As long as the associated command-line programs are installed, ark can work with tar, gzip, bzip2, zip, and lha files (the last four being compression methods used to save space through compaction of the archived files).

Existing archives are opened after launching the application itself. You can add files and directories to the archive or delete them from the archive. After opening the archive, you can extract all of its contents or individual files. You can also perform searches by using patterns (all *.jpg files, for example) to select files.

To create new archives, choose File, New, and then type the name of the archive, providing the appropriate extension (.tar, .gz, and so on). Then you can add files and directories as you desire.

Déjà Dup

Déjà Dup is a simple backup tool with a useful GUI. It supports local, remote, or cloud backups. It can encrypt and compress your data for secure and fast transfers and more. In the applications list, Ubuntu just calls it Backups (see Figure 17.1).

Images

FIGURE 17-1 The Backups icon is easy to find.

After you open the Backups application, go through the menu items on the left to set where the backup will be stored, what will be backed up, a schedule for automatic backups, and more (see Figure 17.2). When you have set everything to your taste, remember to turn on Déjà Dup by toggling the setting at the upper right from Off to On.

Images

FIGURE 17-2 Backup settings are accessed using the menu entries on the left.

Back In Time

Back In Time is a viable alternative to Déjà Dup for many users. It is easily available from the Ubuntu software repositories, is stable, and has a clear and easy-to-understand interface.

Back In Time uses rsync, diff, and cp to monitor, create, and manipulate files, and it uses cron to schedule when it will run. Using these command-line tools is described later in this chapter. Back In Time is little more than a well-designed GUI front end designed for GNOME and also offers a separate package in the repositories with a front end for KDE. If you use the standard Ubuntu interface, install a package called nautilus-actions to get context menu access to some of the backup features.

The first time you run Back In Time, it takes a snapshot of your drive. This may take a long time, depending on the amount of data you have. You designate which files and directories to back up and where to back them up. Then set when to schedule the backup. The program takes care of the rest.

To restore, select the most recent snapshot from the list in Back In Time. Then browse through the list of directories and files until you find the file that interests you. You may right-click the file to view a pop-up menu, from which you may open a file, copy a file to a desired location, or view the various snapshots of a file and compare them to determine which one you might want to restore.

Back In Time keeps multiple logs of actions and activities, file changes, and versions, and it is a useful tool.

You can find the official documentation for Back In Time at https://backintime.readthedocs.io/.

Unison

Unison is a file-synchronization tool that works on multiple platforms, including Linux, other flavors of UNIX such as Solaris and macOS, and Windows.
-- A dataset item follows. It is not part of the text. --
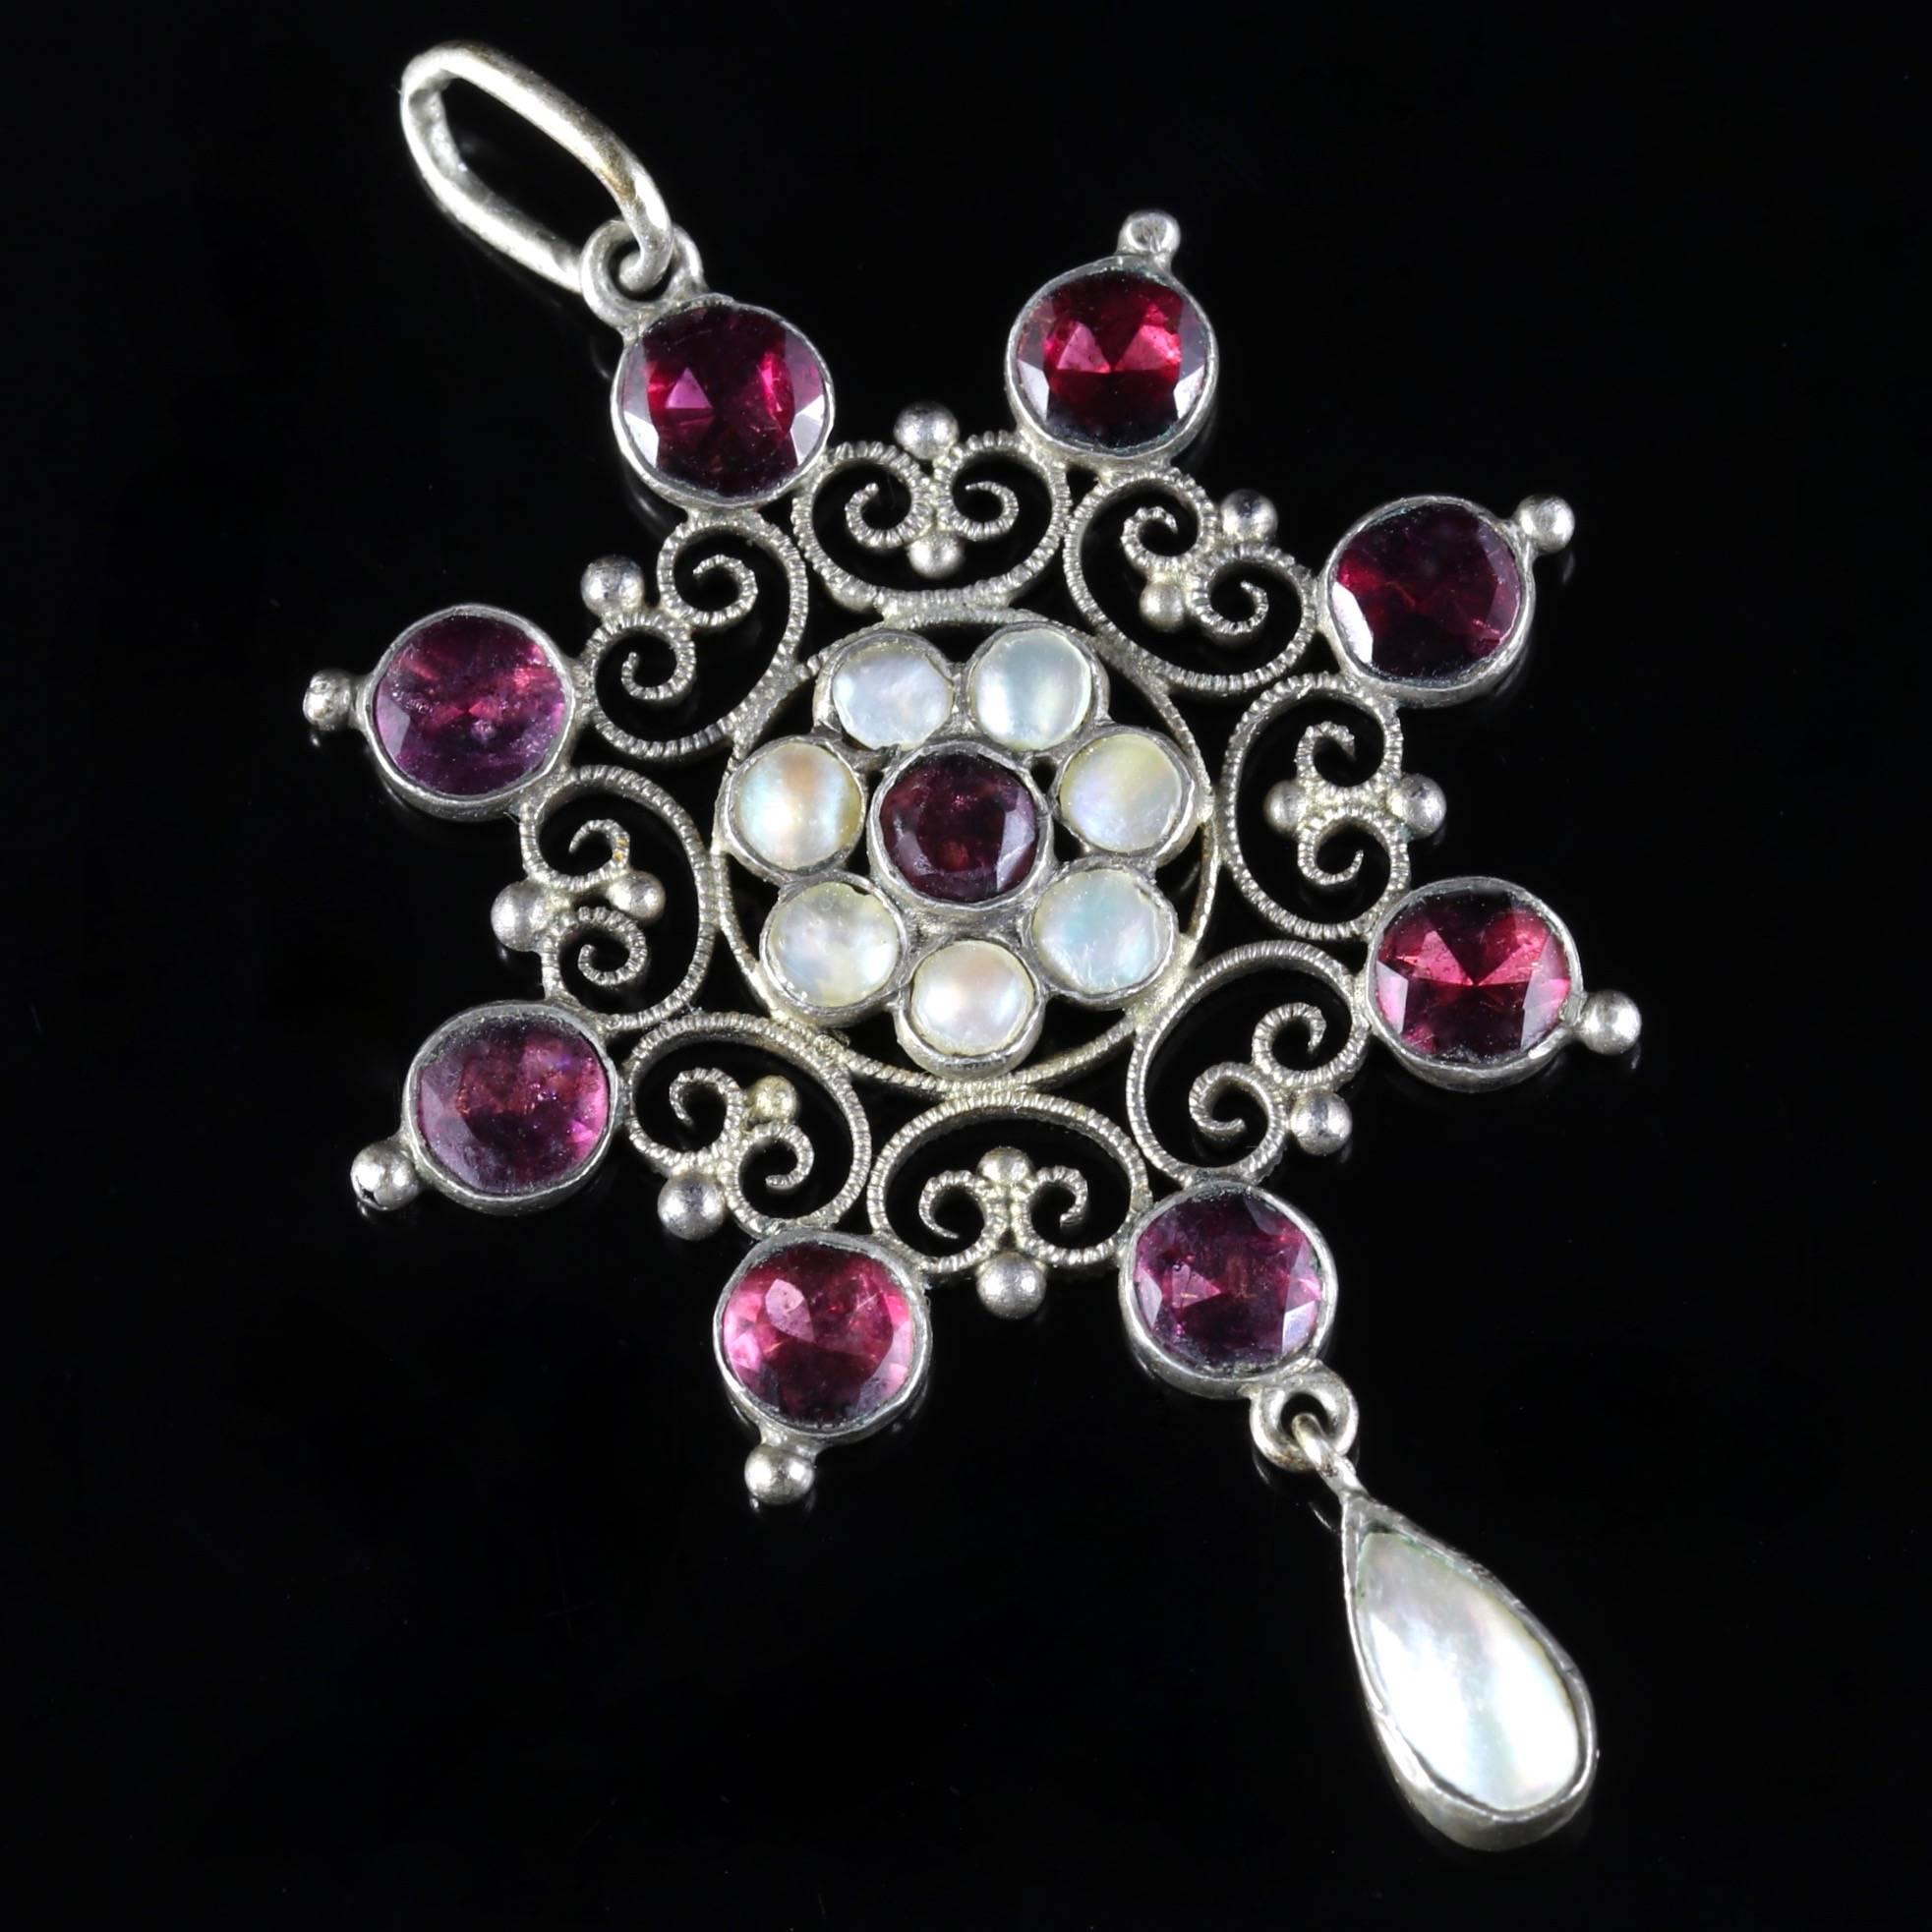 This fabulous Arts and Crafts Flat Top Garnet and Blister Pearl pendant is modelled in Silver and Metal, Circa 1900. 

The lovely pendant is adorned with 8 deep, red Garnets which surround a charming flower which has 7 Blister Pearls nested inside

After Unison is set up, it synchronizes files in both directions and across platforms. If changes are made on both ends, files are updated in both directions. When file conflicts arise, such as when the same file was modified on each system, the user is prompted to decide what to do. Unison can connect across a network using many protocols, including ssh. It can connect with and synchronize many systems at the same time and even to the cloud.

Unison was developed at the University of Pennsylvania as a research project among several academics. It is no longer under active development as a research project, but it does appear to continue to be maintained with bug fixes and very occasional feature additions. The original developers claim to still be using it daily, so it is not completely abandoned.

Unison is powerful and configurable. The foundation is based on rsync, but with some additions that enable functionality that is generally available only from a version control system.

Even though the project is no longer the primary focus of any of the developers, many people still use Unison. For that reason, it gets a mention in this chapter and might be worthy of your time and effort if you are interested. Unison is released under the free GPL license, so you might decide you want to dig in to the code. The developers have publicly stated that they do not have time to maintain it regularly but welcome patches and contributions. If this is a project that interests you, see www.cis.upenn.edu/~bcpierce/unison/.

Amanda

Amanda is a powerful network backup application created by the University of Maryland at College Park. Amanda is a robust backup and restore application best suited to unattended backups with an autoloading tape drive of adequate capacity. It benefits from good user support and documentation.

Amanda’s features include compression and encryption. It is intended for use with high-capacity tape drives, floptical, CD-R, and CD-RW devices.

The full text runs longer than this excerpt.